Rozdział XL

976 48 21
                                    

Cały świat miałam przysłonięty przez ciemność. Nic nie widziałam z racji jego dłoni ułożonych na mojej twarzy. Zasłonił mi pole widzenia od razu kiedy wyszliśmy z taksówki. Ze śmiechem wyjaśnił, że chce mi zrobić kolejną niespodziankę. Pozwoliłam mu na to bez żadnych słów skargi. Ufałam mu, wierzyłam w jego pomysły. 

-Uważaj, teraz mamy przed sobą dwa schodki. - ostrzegł mnie cichym głosem mówiąc to prosto do mojego ucha. Oczywiście, jak zawsze był najbliżej mnie. Czułam ciepło jego ciała za sobą, oszołamiało mnie to wrażenie. 

Pokiwałam delikatnie głową na jego słowa, tak lekko aby nie strząsnąć jego splecionych dłoni.
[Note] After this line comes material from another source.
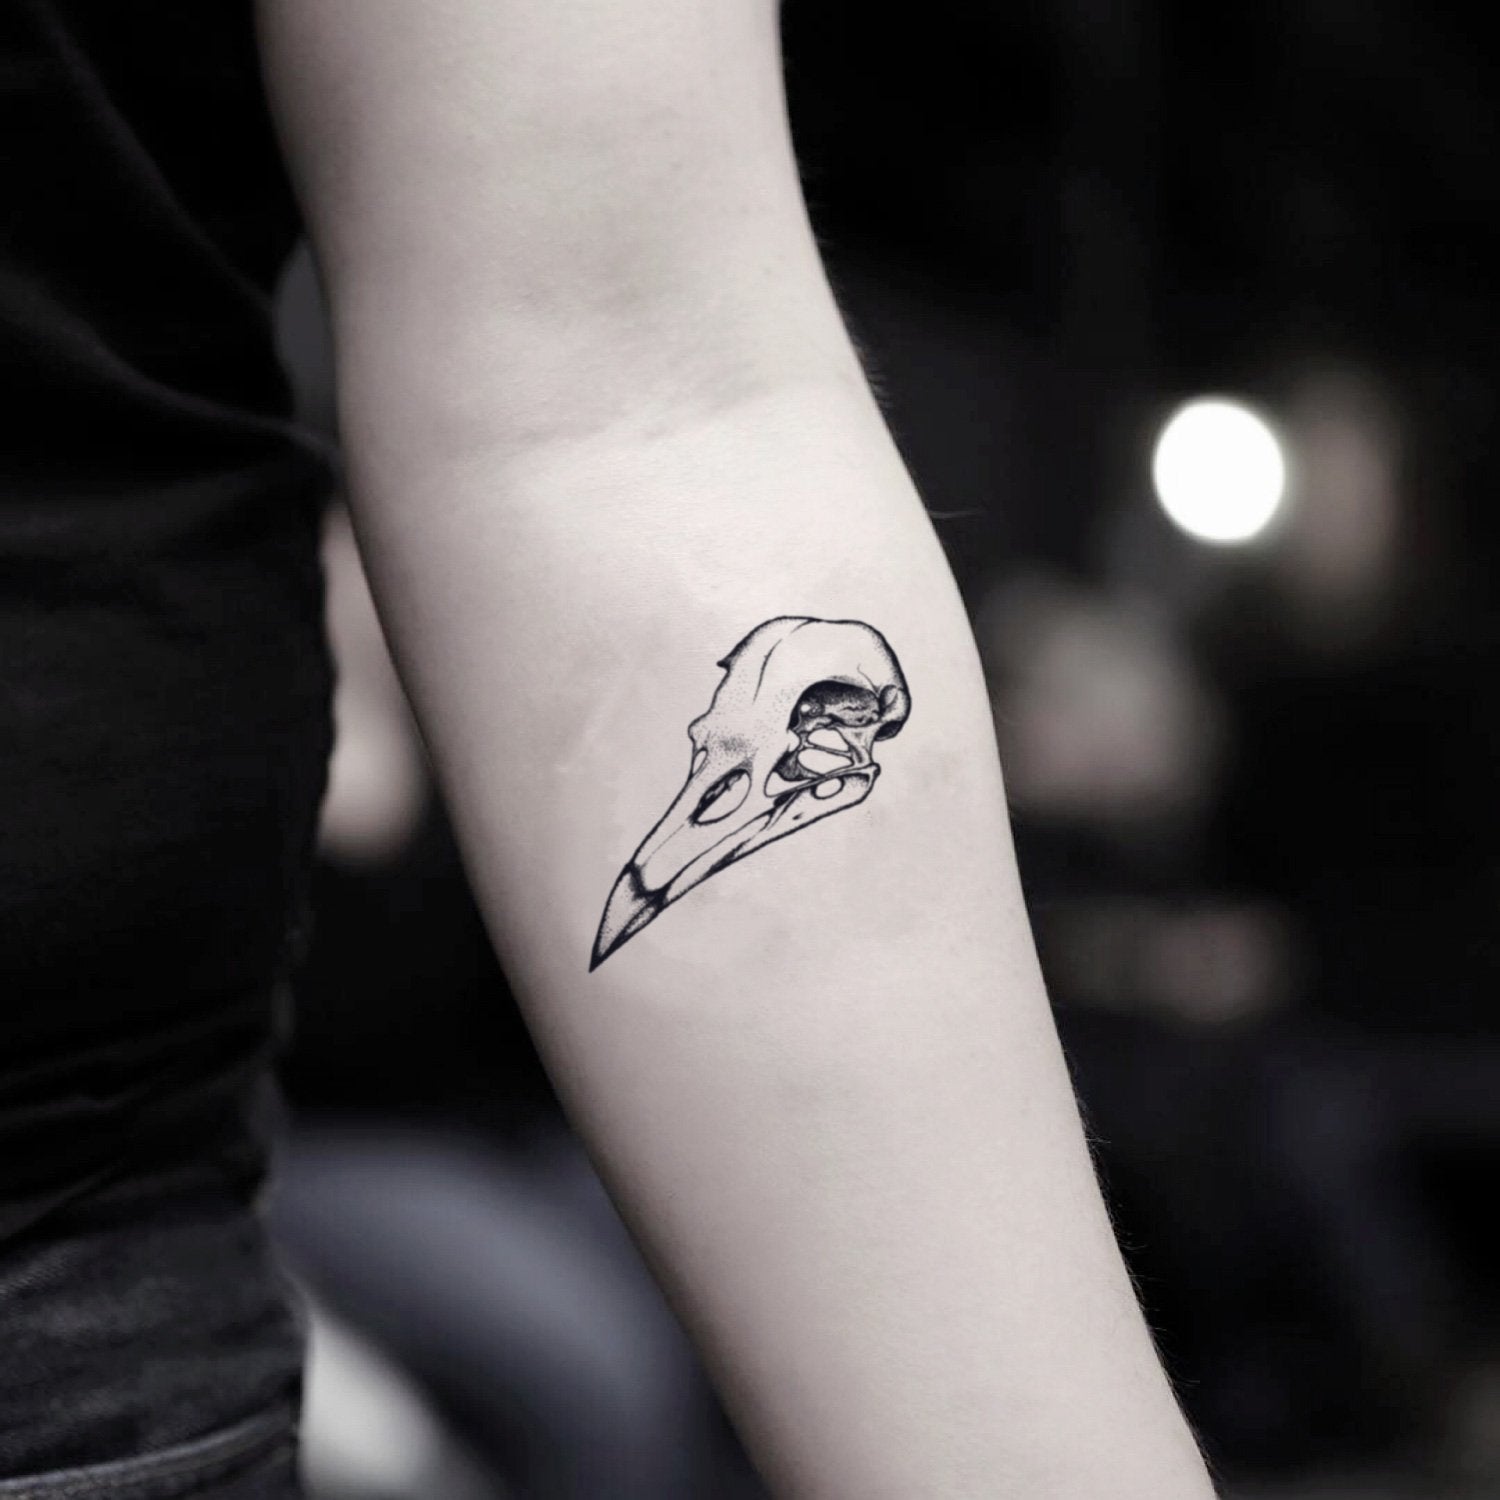 fake small bird skull skeleton animal temporary tattoo sticker design idea on inner arm

Umierałam z ciekawości, lecz z drugiej strony nie chciałam sobie psuć niespodzianki. Będę wtedy bardziej pod wrażeniem, zadowolona z efektu. 

Poczułam jak delikatnie naprowadza mnie tak abym weszła pod górę, nagle pod stopami poczułam już gładką powierzchnię. 
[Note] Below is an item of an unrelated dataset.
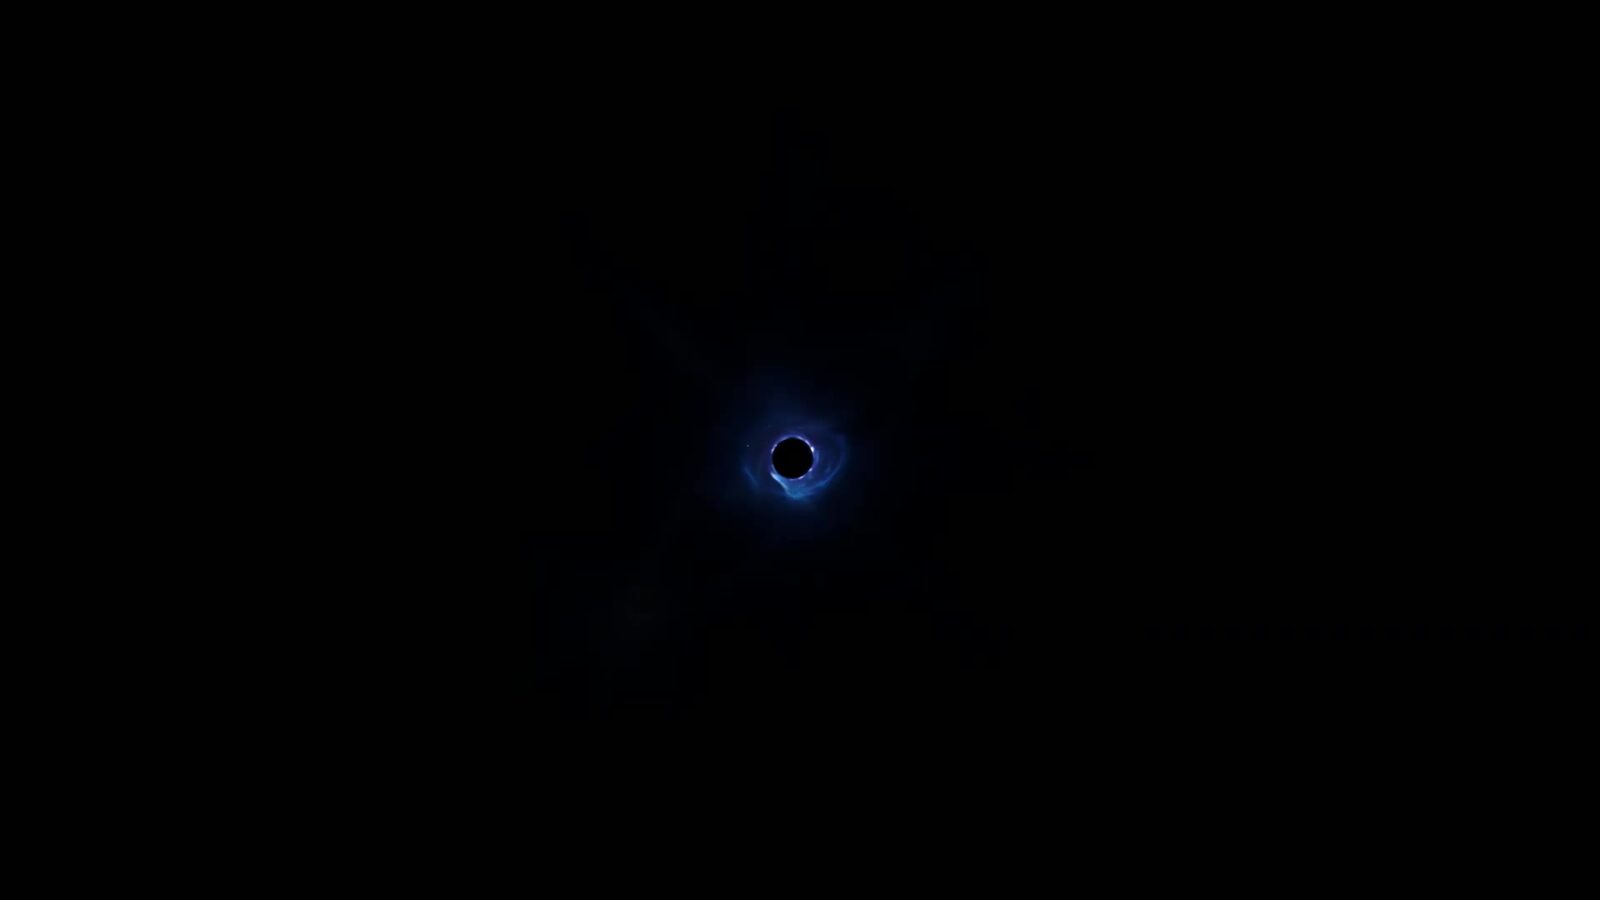 Black Hole Fortnite Game - Free Live Wallpaper - Live ... - 1920 x 1080 jpeg 34kB

-Kilka metrów i jesteśmy na miejscu. - zapewnił mnie szybko i przyspieszył kroku. 

Parsknęłam śmiechem, bo prawie się przewróciłam pod wpływem jego szybszego kroku. Wcale łatwo nie było iść na oślep, nawet wtedy kiedy ktoś cię asekurował. 

-Chyba nie chcesz nas wywrócić. - zaśmiałam się pod nosem, kiedy prędko ustawił mnie do pozycji pionowej nadal nie odrywając rąk od mojej twarzy. 

Dziwnie było polegać tylko na innych zmysłach. W ciemności i ciszy zmąconej już tylko poprzez nasze przyspieszone oddechy przeszliśmy prostą drogę. Zatrzymaliśmy się powoli i poczułam jak kładzie swoją głowę na moim ramieniu, nachyla się tak, aby mieć idealny dostęp do mojego ucha:

-Otwórz oczy, słońce. - wyszeptał nadal trzymając głowę tak blisko mojej. 

Bez wahania spełniłam jego prośbę. Kiedy ujrzałam widok jaki miałam przed sobą chciałam tylko skakać z radości, śpiewem okazać swoje zadowolenie. Przed sobą miałam piękny, drewniany bungalow. Największe wrażenie robił widok na morze. Mała, prywatna plaża była bezpośrednio połączona z urokliwym domkiem. 

-Zachwycona? - zapytał się, kiedy już stanął przede mną i z uśmiechem na twarzy przyglądał się mojej reakcji. 

Pokiwałam gwałtownie głową i niewiele myśląc rzuciłam mu się w ramiona. Od razu złapał mnie i przygarnął w mocnym uścisku. Każdy skrawek mojego ciała był połączony z jego. Jedynie moja głowa odchylona była tak, abym mogła spojrzeć mu w oczy i wyszeptać słowa podziękowania:

-Dziękuję.. - zaczęłam słabym głosem od wzruszenia. - Tutaj jest magicznie. - dodałam już odzyskując panowanie nad sobą. Byłam za wrażliwa, lecz przy nim nie wstydziłam się tej przypadłości. 

Oczy Ruggero rozświetliły się jeszcze bardziej na moje słowa i ujął moją twarz w swoje dłonie. Tak, aby unieść mój podbródek do góry i mieć idealny widok na moje lekko rozchylone usta. Oczekiwałam naszego pocałunku. 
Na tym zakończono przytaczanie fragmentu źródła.